Smarter Web vende Bitcoin e quita dívida de US$ 11,7 mi
A Smarter Web Company vendeu parte de sua tesouraria em Bitcoin para quitar uma linha de dívida conversível de US$ 11,7 milhões mantida pela gestora TOBAM. De acordo com a companhia, a medida buscou ampliar a flexibilidade do balanço e evitar a diluição acionária caso o instrumento fosse convertido em ações.
A operação envolveu a venda de 177,8909127 BTC a um preço médio de US$ 65.762 por unidade. Como resultado, a Smarter Web levantou US$ 11.698.540 e concluiu a liquidação cerca de duas semanas antes do prazo previsto. Ainda assim, a companhia afirmou que mantém 2.700 BTC em tesouraria após a transação.
A empresa detalhou o encerramento antecipado da obrigação conhecida como Smarter Convert.
Empresa usou Bitcoin para reduzir passivo financeiro
À primeira vista, a venda de reservas em Bitcoin por uma companhia com estratégia de tesouraria no ativo pode sugerir perda de convicção. No entanto, neste caso, a decisão teve foco em gestão de passivos. Em outras palavras, a Smarter Web não indicou abandono de sua tese ligada ao Bitcoin.
A companhia utilizou BTC para extinguir uma obrigação financeira específica antes do vencimento. Dessa forma, eliminou o risco de conversão futura da dívida em ações ordinárias. Além disso, a administração evitou a emissão de 7.718.551 novas ações, número que reduziria a participação relativa dos atuais acionistas.
Esse ponto ajuda a explicar o racional da operação. Em vez de manter a dívida em aberto, a empresa reduziu uma fração de sua posição em Bitcoin e removeu o compromisso do balanço. Assim, trocou parte do estoque de BTC por uma estrutura de capital menos pressionada.
Decisão mirou estrutura de capital, não mudança de tese
Empresas com estratégia corporativa em Bitcoin costumam ganhar destaque quando ampliam compras e elevam reservas. Contudo, a venda promovida pela Smarter Web teve um objetivo pontual. A saber, a transação serviu para liquidar uma estrutura de financiamento específica e preservar a base acionária existente.
Isso diferencia o movimento de outras vendas observadas no mercado cripto. Segundo a lógica apresentada pela empresa, não houve sinal de perda de confiança no Bitcoin. Da mesma forma, a companhia não indicou pressão imediata de caixa como motivo central da operação. Pelo contrário, enquadrou a decisão como escolha de estrutura de capital.

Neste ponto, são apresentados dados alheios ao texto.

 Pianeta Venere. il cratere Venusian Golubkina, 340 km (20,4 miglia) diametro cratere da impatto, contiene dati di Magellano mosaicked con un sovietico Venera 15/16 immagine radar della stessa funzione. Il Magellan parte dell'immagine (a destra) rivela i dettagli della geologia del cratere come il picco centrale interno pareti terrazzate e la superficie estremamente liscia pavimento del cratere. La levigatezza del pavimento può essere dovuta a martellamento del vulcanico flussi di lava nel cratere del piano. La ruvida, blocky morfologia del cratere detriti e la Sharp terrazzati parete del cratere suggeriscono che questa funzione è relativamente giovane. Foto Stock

Para os acionistas, o efeito prático é relevante. A emissão de milhões de novas ações ordinárias teria impacto dilutivo imediato sobre o valor por ação. Por outro lado, a venda de parte das reservas em Bitcoin alterou apenas o tamanho da posição em BTC, preservou o capital social e retirou uma obrigação financeira do balanço.

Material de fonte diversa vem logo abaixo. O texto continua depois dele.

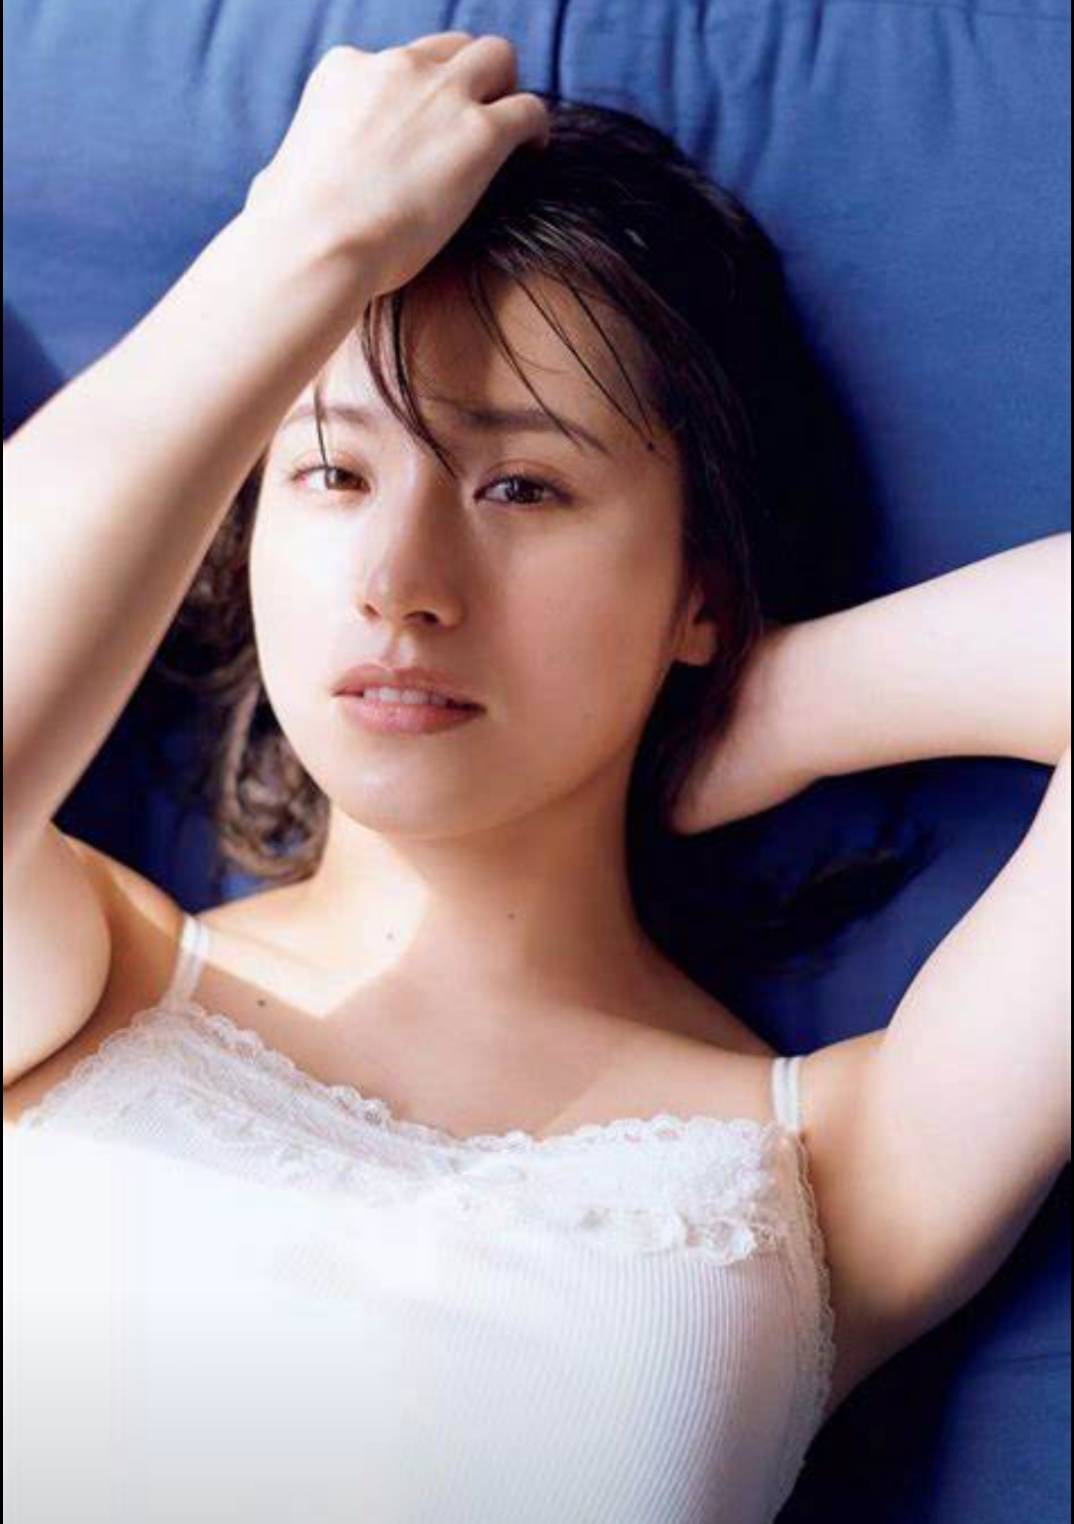 乃木坂最漂亮的姐姐--衛藤美彩 - 亞洲美女 -

Smarter Web mantém 2.700 BTC em tesouraria
Mesmo após a venda, a Smarter Web Company informou que segue com 2.700 BTC em tesouraria. Portanto, o volume remanescente reforça que a companhia não desfez sua estratégia ligada ao Bitcoin. Em vez disso, usou apenas uma parcela da reserva para resolver uma obrigação financeira concreta.
Esse tipo de decisão mostra que empresas expostas ao mercado de criptomoedas nem sempre usam ativos digitais apenas para acumulação. Em determinadas circunstâncias, as reservas também funcionam como ferramenta de gestão financeira. Sobretudo quando a administração entende que preservar a estrutura acionária pode trazer mais valor do que manter toda a posição em BTC intacta.

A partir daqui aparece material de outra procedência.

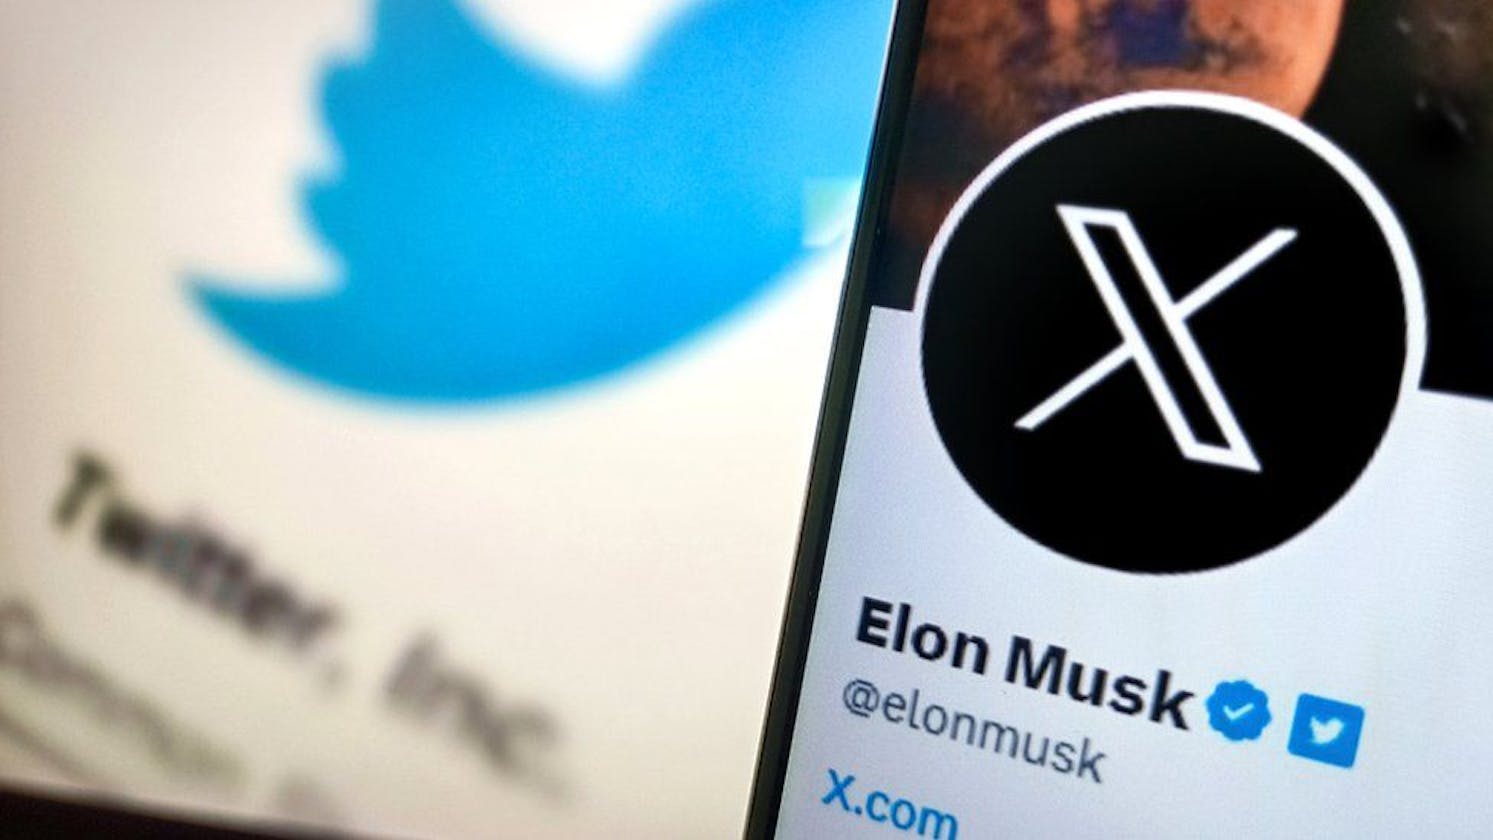 Elon Musk: Twitter unveils X logo to replace blue bird

Resumo da operação anunciada pela companhia
Em resumo, a Smarter Web Company vendeu 177,8909127 BTC a um preço médio de US$ 65.762 por unidade. Com isso, levantou US$ 11.698.540 e quitou antecipadamente a dívida conversível mantida pela TOBAM. Além disso, evitou a emissão de 7.718.551 ações ordinárias. Por fim, manteve 2.700 BTC em caixa, o que reforça que a transação mirou a quitação do passivo, e não uma mudança ampla em sua estratégia de tesouraria.